By: Rachel Newcombe - Updated: 17 Oct 2012 | comments*Discuss
Selling Marketing Business Advertising

For your business to be successful and in order to attract long-term customers, you need to find and develop your Unique Selling Point (USP).

USP stands for Unique Selling Point (or sometimes Unique Selling Proposition). In essence, it’s what makes your business stand out from others and sets you apart from your competitors. If you’re going to have a successful craft business, then you need to find your USP as early on as possible and build on it throughout the life of your business. Sometimes additional or new USPs can be developed over time, for example if you suddenly spot a niche that needs filling.

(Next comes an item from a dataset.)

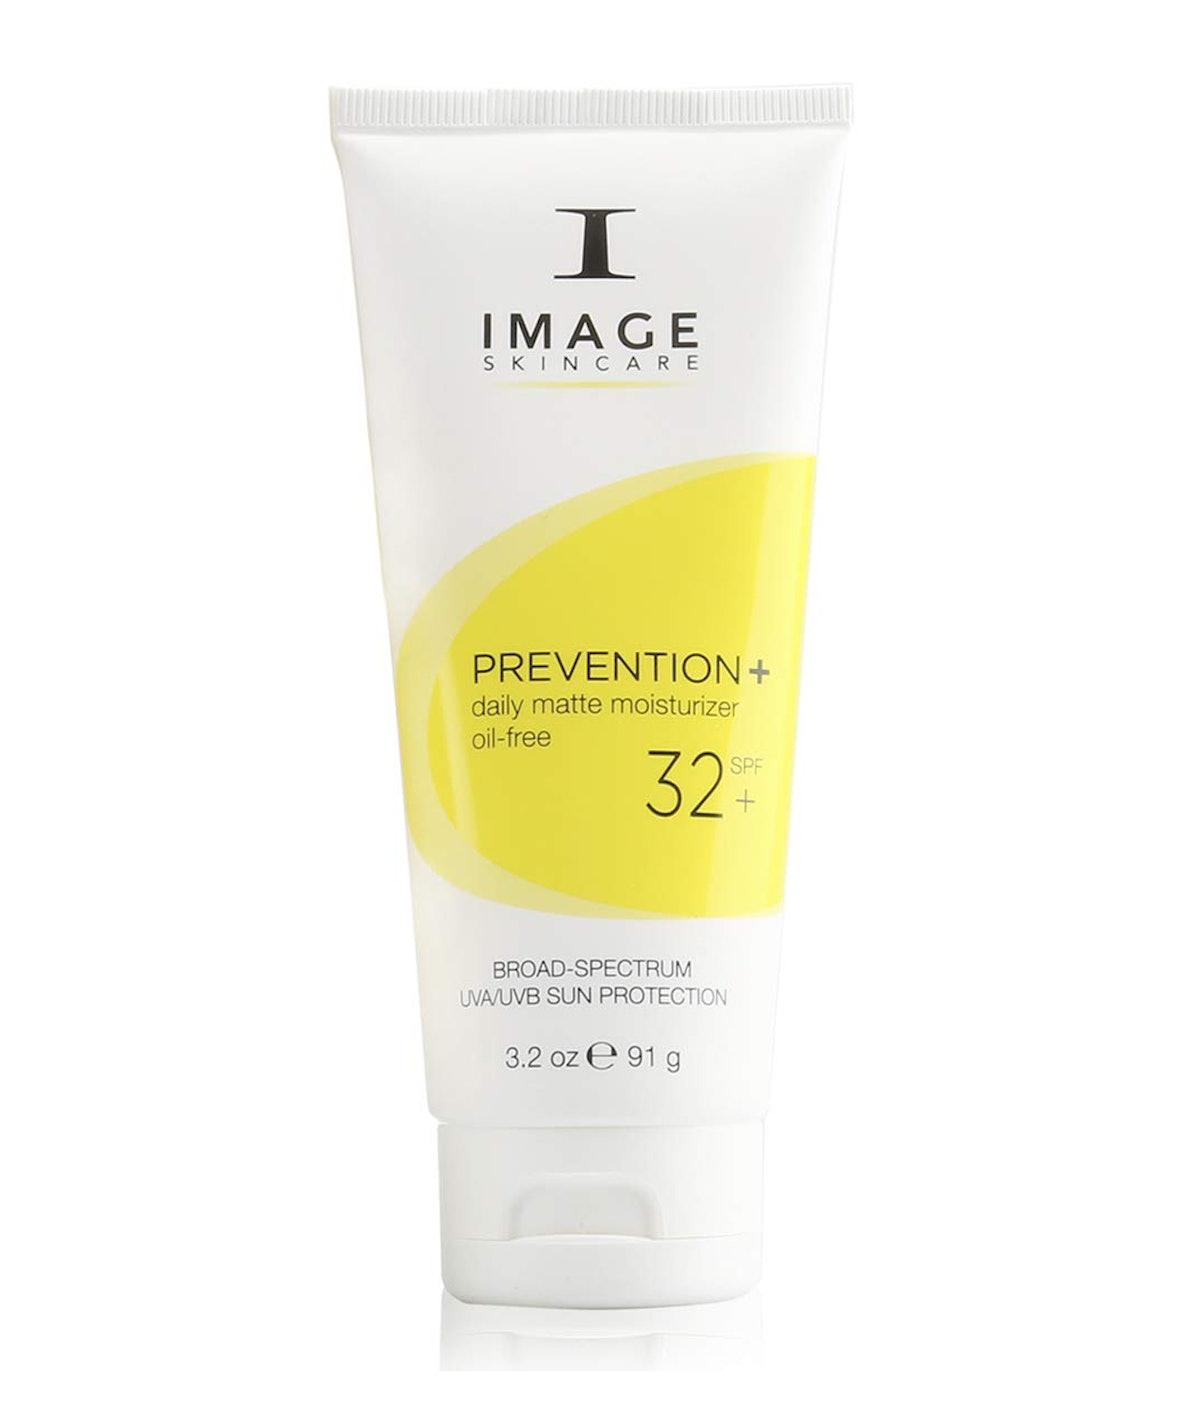 IMAGE Skincare Prevention+ Daily Matte Moisturizer SPF 32+

If you can’t think of a USP for your craft business initially, then you’ll need to put aside some time to brainstorm and think of potential ideas. Ideally, this is something you should do in the early stages of planning and setting up your business, as your USP will come in handy when you’re doing marketing and advertising. You also may be able to incorporate your USP, or related ideas, into marketing material, such as brochures, leaflets, posters, business cards or even signs for your business.

Questions to Ask Yourself

When you’re trying to work out and think through your USP, there are a number of key questions you could ask yourself and use to find your USP. These could include questions such as:

  • What makes your craft business different to other competing businesses?
  • Will you be offering any unique services or products?
  • Do you have special skills or expertise to offer?
  • Does your business have a niche focus or broad offering?
  • Is there anything special about the way you plan to do business?
  • Are you offering a particularly speedy delivery service?
  • Do you plan to deliver for free?
  • Who do you envisage your customers to be?
  • Are you planning to have particularly low prices?
  • Are you offering any special discount schemes for regular customers?
  • Is there anything special or different about the location of your business?
  • What benefits will customers gain from shopping with you?
  • Are you offering any free services, courses or demonstrations?
  • Are you offering customers the chance to try out products?
  • Are you going to be exclusively selling certain designs or products?

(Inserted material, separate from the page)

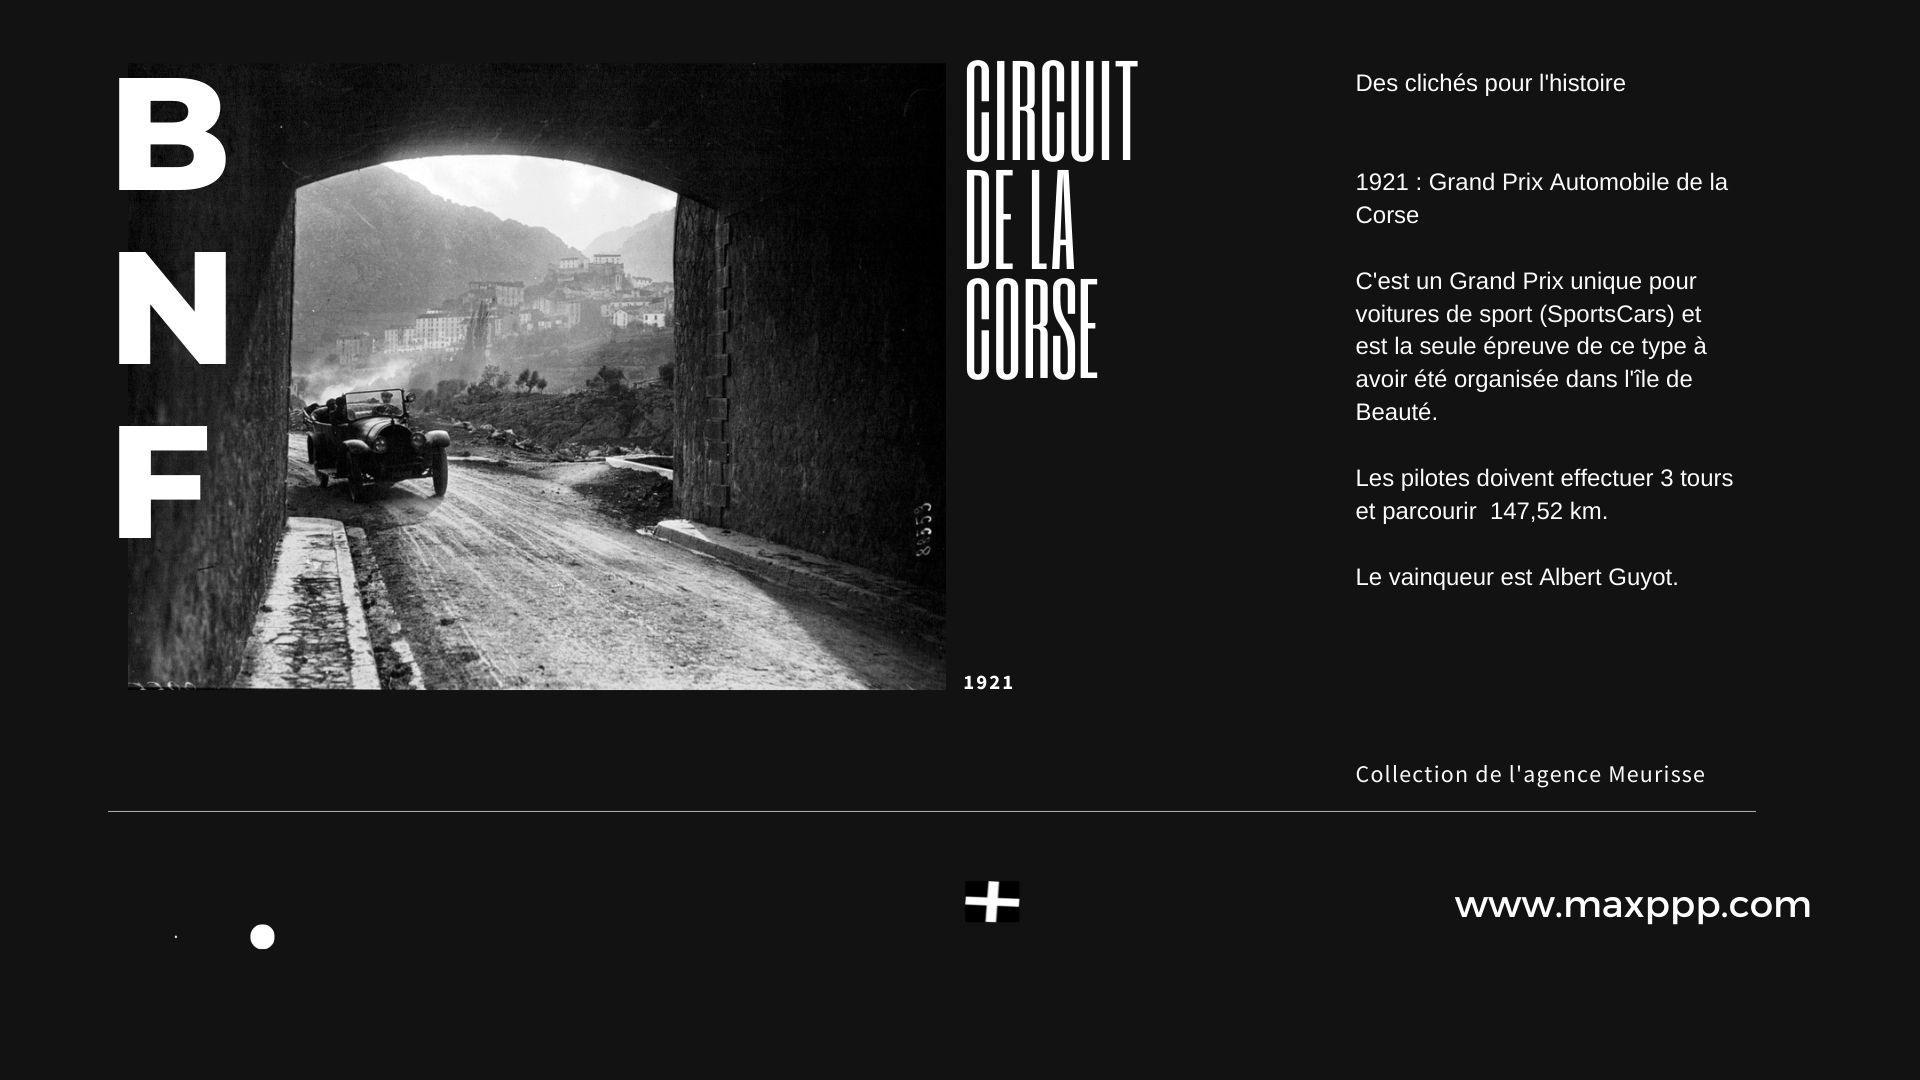 Circuit de la Corse

Try and answer the questions as honestly as possible and make a list of any positive or different points of your business that you’d like to highlight. When it comes down to it, there may be a thin line between what you’re planning to offer and what your competitors already do, but in order to develop your USP you need to be able to promote and highlight this.

Writing Your Unique Selling Point

Once they’ve found their USP, many businesses find it good to put it into words and write it down. In fact, in many situations, people use their USP, or elements of it, within their advertising and marketing blurb and in any straplines or catchphrases associated with their business.

For example, the straplines below illustrate how you could incorporate one or more of your USPs into simple adverts for your business, as commonly seen on brochures, posters, website headers or business cards:

  • “24-hour crafting heaven.”
  • “Free delivery for all orders over £10.”
  • “Expert craft tuition.”
  • “Exclusive seller of XXX products.”

You can play around with fitting a short and sweet example of your USP into your advertising and marketing blurb. If it would help, try showing a few friends or family members examples of what you’re thinking of using and see how receptive they are to it.